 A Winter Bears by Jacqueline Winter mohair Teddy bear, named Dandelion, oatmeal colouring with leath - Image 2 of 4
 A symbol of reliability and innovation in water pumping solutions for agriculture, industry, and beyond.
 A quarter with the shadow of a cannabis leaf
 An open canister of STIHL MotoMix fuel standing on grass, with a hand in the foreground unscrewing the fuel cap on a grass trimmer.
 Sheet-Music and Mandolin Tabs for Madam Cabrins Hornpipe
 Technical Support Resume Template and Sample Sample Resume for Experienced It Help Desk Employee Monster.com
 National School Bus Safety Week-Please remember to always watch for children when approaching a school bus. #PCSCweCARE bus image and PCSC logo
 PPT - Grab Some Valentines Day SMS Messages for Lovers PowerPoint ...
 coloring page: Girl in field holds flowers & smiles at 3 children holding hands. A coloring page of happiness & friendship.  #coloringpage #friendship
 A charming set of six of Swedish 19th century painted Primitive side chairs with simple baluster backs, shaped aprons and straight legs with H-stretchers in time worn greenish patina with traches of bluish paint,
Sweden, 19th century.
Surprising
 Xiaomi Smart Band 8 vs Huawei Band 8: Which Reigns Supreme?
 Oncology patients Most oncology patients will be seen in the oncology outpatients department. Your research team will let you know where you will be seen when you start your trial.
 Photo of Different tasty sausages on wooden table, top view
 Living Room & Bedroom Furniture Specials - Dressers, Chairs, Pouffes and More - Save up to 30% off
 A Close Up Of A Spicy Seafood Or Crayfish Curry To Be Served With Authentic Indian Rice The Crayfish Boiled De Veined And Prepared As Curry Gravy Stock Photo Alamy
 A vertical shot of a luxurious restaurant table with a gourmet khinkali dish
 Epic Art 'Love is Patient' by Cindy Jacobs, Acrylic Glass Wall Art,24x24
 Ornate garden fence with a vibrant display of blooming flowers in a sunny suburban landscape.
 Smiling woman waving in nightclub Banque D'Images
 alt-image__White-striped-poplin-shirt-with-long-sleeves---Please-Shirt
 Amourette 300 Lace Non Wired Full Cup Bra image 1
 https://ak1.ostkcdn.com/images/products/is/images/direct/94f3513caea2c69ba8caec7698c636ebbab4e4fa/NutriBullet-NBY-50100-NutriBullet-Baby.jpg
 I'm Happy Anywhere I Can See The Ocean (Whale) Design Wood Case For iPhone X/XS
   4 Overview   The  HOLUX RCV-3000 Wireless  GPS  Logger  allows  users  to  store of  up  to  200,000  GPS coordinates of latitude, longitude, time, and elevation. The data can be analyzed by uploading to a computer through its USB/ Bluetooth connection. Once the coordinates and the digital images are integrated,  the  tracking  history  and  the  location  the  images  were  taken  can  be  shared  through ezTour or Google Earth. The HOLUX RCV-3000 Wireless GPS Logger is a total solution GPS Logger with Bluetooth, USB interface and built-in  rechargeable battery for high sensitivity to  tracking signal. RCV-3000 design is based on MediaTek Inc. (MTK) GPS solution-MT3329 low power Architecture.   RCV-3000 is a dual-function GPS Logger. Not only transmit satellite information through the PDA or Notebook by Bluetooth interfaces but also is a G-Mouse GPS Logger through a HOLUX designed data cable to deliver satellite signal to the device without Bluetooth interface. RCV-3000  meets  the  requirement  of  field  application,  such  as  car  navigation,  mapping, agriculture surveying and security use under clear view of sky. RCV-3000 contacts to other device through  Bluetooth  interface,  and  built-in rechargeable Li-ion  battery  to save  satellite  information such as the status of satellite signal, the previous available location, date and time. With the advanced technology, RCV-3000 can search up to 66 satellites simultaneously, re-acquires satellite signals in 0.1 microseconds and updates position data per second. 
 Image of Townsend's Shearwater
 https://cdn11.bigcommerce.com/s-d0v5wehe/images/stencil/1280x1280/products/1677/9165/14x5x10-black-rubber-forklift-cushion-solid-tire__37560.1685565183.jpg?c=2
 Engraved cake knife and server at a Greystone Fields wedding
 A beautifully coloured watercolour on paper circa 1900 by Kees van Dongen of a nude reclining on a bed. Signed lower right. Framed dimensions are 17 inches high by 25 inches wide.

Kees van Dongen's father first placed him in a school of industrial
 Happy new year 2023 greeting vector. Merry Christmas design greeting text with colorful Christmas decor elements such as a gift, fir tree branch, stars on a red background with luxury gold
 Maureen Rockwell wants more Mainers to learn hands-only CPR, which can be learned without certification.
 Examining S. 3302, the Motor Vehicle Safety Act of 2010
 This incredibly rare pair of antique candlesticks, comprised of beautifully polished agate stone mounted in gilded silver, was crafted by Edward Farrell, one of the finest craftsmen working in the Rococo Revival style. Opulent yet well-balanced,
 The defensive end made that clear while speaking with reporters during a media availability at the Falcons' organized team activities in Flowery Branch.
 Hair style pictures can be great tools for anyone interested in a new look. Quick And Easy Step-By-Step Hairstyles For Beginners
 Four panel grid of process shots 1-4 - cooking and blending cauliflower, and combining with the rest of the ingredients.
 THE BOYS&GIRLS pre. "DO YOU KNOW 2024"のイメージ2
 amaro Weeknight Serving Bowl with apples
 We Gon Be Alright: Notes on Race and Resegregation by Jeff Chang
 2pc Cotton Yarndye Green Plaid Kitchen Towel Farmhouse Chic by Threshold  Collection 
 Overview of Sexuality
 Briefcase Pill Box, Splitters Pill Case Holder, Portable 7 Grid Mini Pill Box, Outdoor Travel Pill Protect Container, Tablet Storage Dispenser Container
============================================================
### Work to complete
Filter the lines above, keeping each one that contains the string "flowers".

### Result of the task
 coloring page: Girl in field holds flowers & smiles at 3 children holding hands. A coloring page of happiness & friendship.  #coloringpage #friendship
 Ornate garden fence with a vibrant display of blooming flowers in a sunny suburban landscape.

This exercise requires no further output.